$4$ judges must distribute grades from $1$ to $6$ for each participant. To be a finalist, one must score $22$ points. Find the number of ways to attribute grades such that a participant it a finalist.
I wrote it as:
$$(x+\dots+x^6)^4=x^4(1+\dots+x^5)^4=x^4\left[\frac{1-x^6}{1-x}\right]^4=x^4 (1-x^6)^4\left[\frac{1}{1-x}\right]^4$$
Now I guess I just need to find the coefficient of $x^{18}$ in the expansion of $(1-x^6)^4\left[\frac{1}{1-x}\right]^4$.
Then I have:
$$(1-x^6)^4=\sum_{i=0}^4(-1)^i{4\choose i}x^{6i}\tag{A}$$
And:
$$\left[\frac{1}{1-x}\right]^4=\sum_{i=0}^{\infty}{4+i-1 \choose i}x^i\tag{B}$$
Looking at these formulas, I know that I just need to use $(A)$ and the answer should be:
$$A_0B_{18}+A_6B_{12}+A_{12}B_6+A_{18}B_{0}={4\choose 0}{21\choose 18}-{4\choose 1}{15\choose 12}+{4\choose 2}{9\choose6}-{4 \choose 3}{3\choose 0}=10$$
But the answer is wrong. I might have made some silly mistake that I couldn't spot.

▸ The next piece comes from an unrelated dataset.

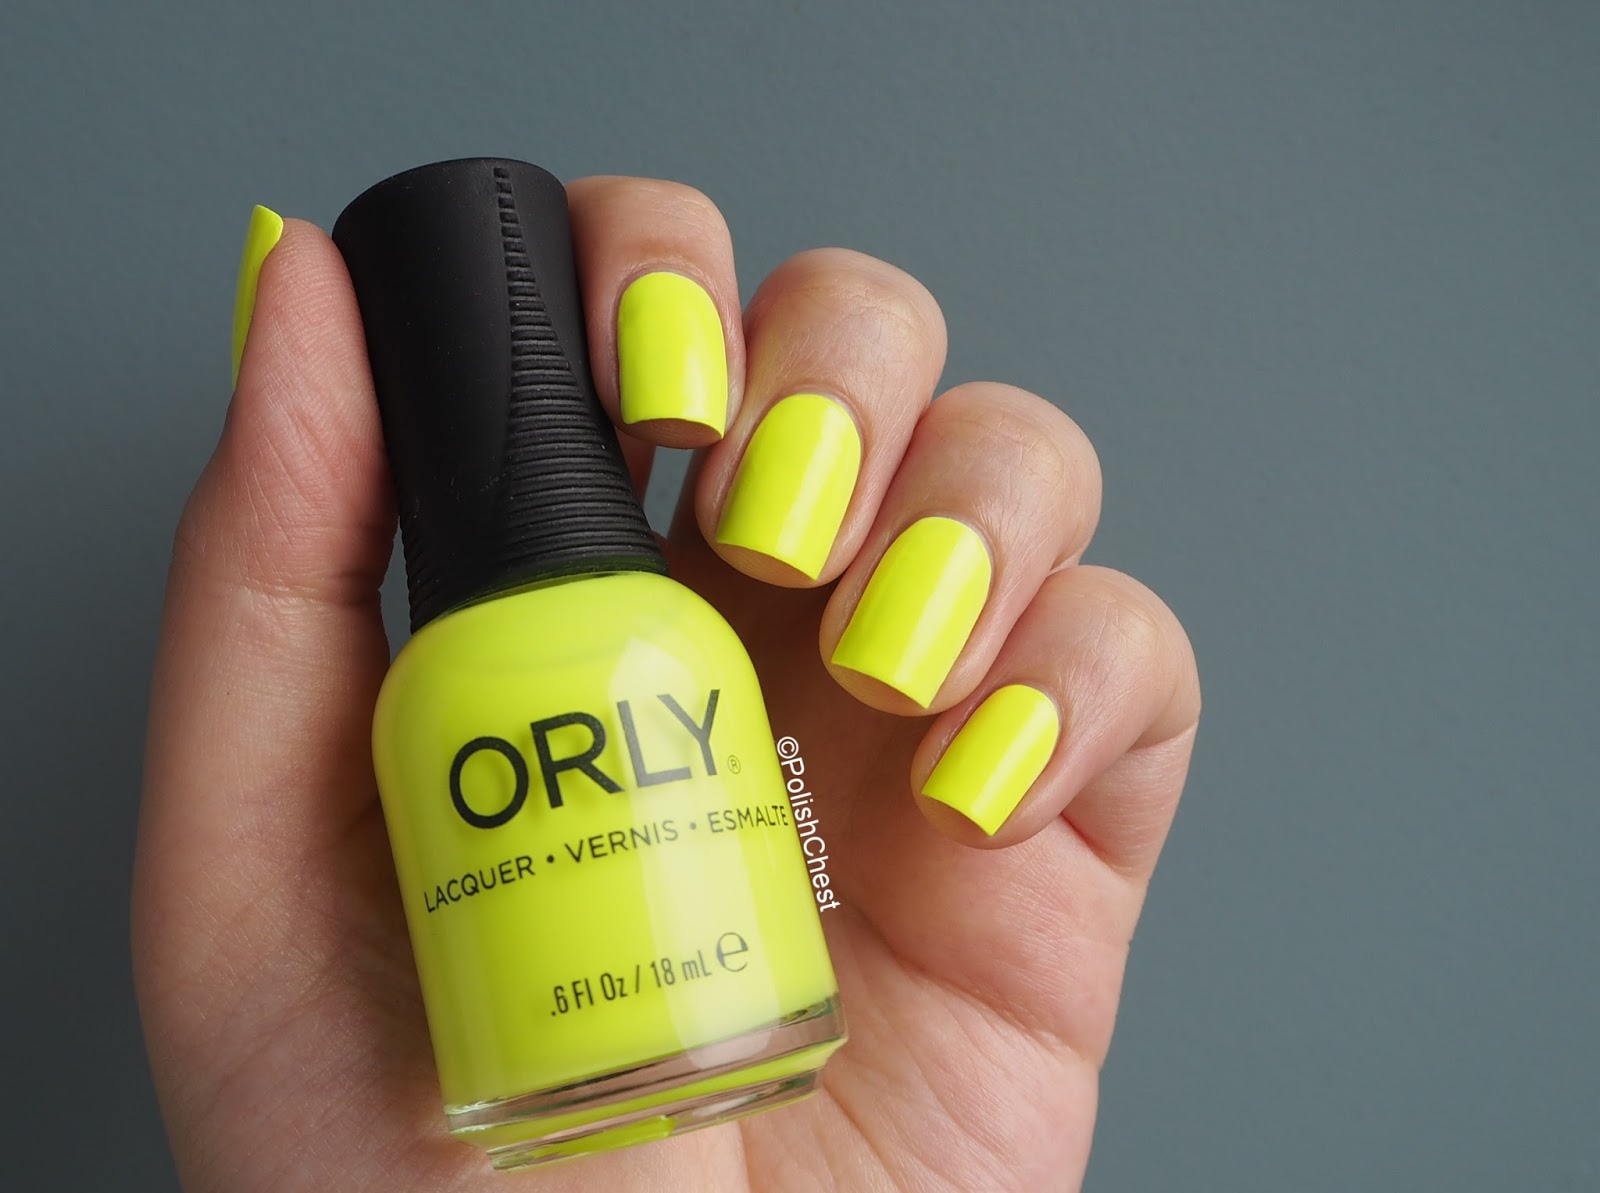 10. Orly Nail Lacquer in "Glowstick" - wide 3

I am pretty sure your calculation is right. Maybe the question is: In how many ways can a participant be a finalist (i.e. score at least 22 points). Then you need to add the coefficients of the $x^{19}$ and $x^{20}$ term as well, which are $4$ and $1$ respectively. I'm guessing the answer should be $15$?